Closed ShaohuaL closed 4 months ago
I hold that it's because the paper focuses more on distilling features from fundamental models to GS rather than improving GS via feature distilling.
I am curious why the rendering features that do not contribute to the alpha gradient, can improve the rendering effect in Table 1.
I am curious why the rendering features that do not contribute to the alpha gradient, can improve the rendering effect in Table 1.
Good question, I think the opacity here should be mainly service geometry, if rendering features do contribute to the alpha gradient,, the effect may be uncertain, even more worst.

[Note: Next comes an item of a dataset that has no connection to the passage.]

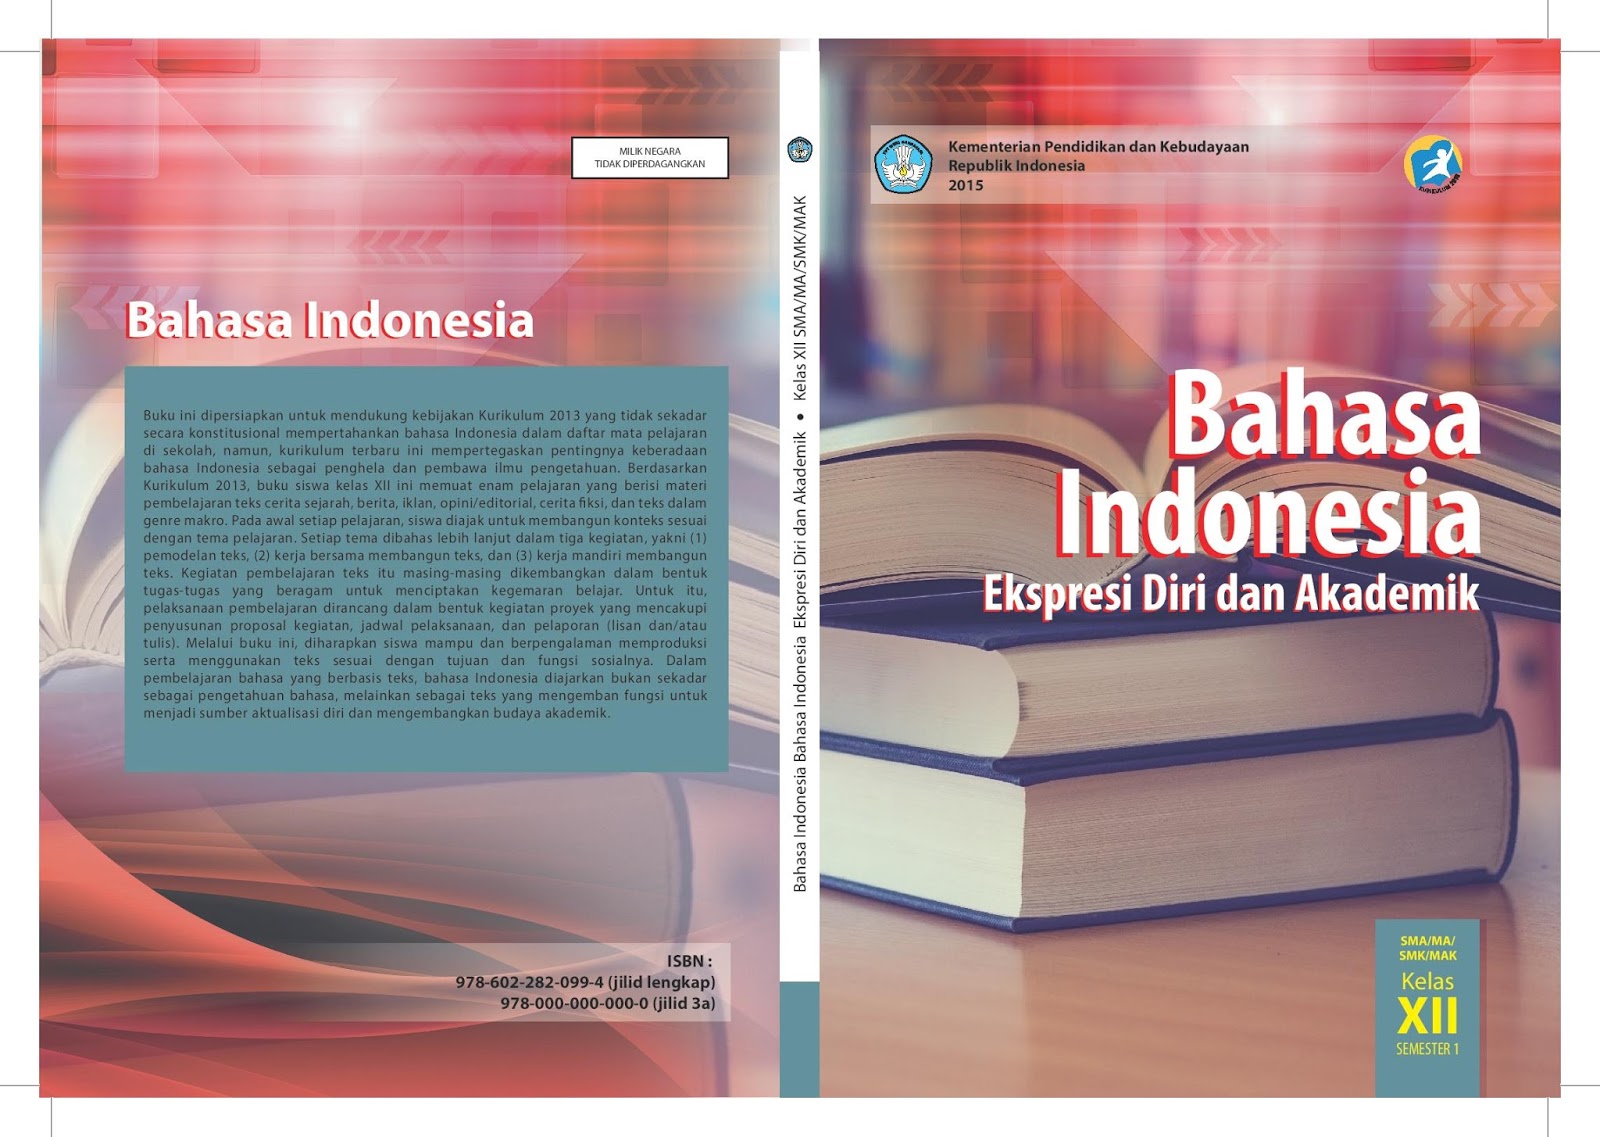 Tugas Bahasa Indonesia Halaman 21 kelas XII buku paket kurikulum 2013 Agan Blog

The authors mentioned in Section 3.2
Our equal-weighted joint optimization approach has demonstrated that the resulting high-dimensional semantic features significantly contribute to scene understanding and enhance the depiction of physical scene attributes, such as opacity and relative positioning. See the comparison between Ours and Base 3DGS in Tab. 1.
If the rendering features do not contribute to the alpha gradient, the rendering result should be the same as a plain 3DGS. I am wondering if this is a mistake made in the implementation. Also it is mentioned in the NeRF-DFF paper, the multi-view inconsistency of features produced by foundation models could harm geometry, so the authors stop the gradient backpropagation to density values. This seems to be inline with the implementation but not the paper. Could you please tell me if I understand the paper wrong?
Hi all! Thank you so much for bringing this up! We do have tried different versions of our code in our experiments. One thing that I would like to clarify is that the purpose of Table 1 in our paper is to show that our proposed explicit feature field distillation will not affect the quality of radiance field rendering, but NOT to improve the performance of novel view synthesis.
Also, given the substantial randomness due to GPU scheduling mentioned here. For Table 1, we redo our experiments by running them 5 times for each setting, excluding the max and min, and calculating the average from the remaining 3 groups. As a result, we can still observe ~0.8 PSNR improvement, but we don't claim this improvement as our contribution in this paper.
As for dL_dalpha in feature rendering, we have already updated this part in our code base. Sorry for the misleading initial version. For those who are curious about the influence of this change, I am happy to provide the experimental results (PSNR) for this ablation on Replica dataset:
dL_dalpha No dL_dalpha
Room 0 36.311 36.326
Room 1 38.515 38.514
Office 3 38.383 38.473
Office 4 34.851 34.174
Average 37.015 36.872
Just wanted to follow up on this, I have disabled the contribution of dL_dfeaturechannel to dL_dalpha in the updated code base. It is verified from my experiments that only semantic-meaning features (e.g. CLIP-LSeg, SAM) will benefit / not affect the RGB rendering, however, non-semantic-meaning features (e.g. from your self-designed encoder) will destroy the radiance field rendering if we keep this enabled. Therefore, for more general use of our code for any high-dimensional feature rendering, this line of code is commented out:
I've been reviewing the implementation details within the backward.cu file and noticed that the color components contribute to dL_dalpha. However, I'm puzzled as to why the alpha-rendered feature maps do not contribute to dL_dalpha in a similar manner. Given that both color and feature maps utilize alpha rendering, I expected a consistent treatment regarding their contribution to the gradient calculations.
Could you please clarify the design decision behind this? Is there a specific reason why alpha-rendered feature maps are excluded from contributing to dl_dalpha, or might this be an oversight in the implementation?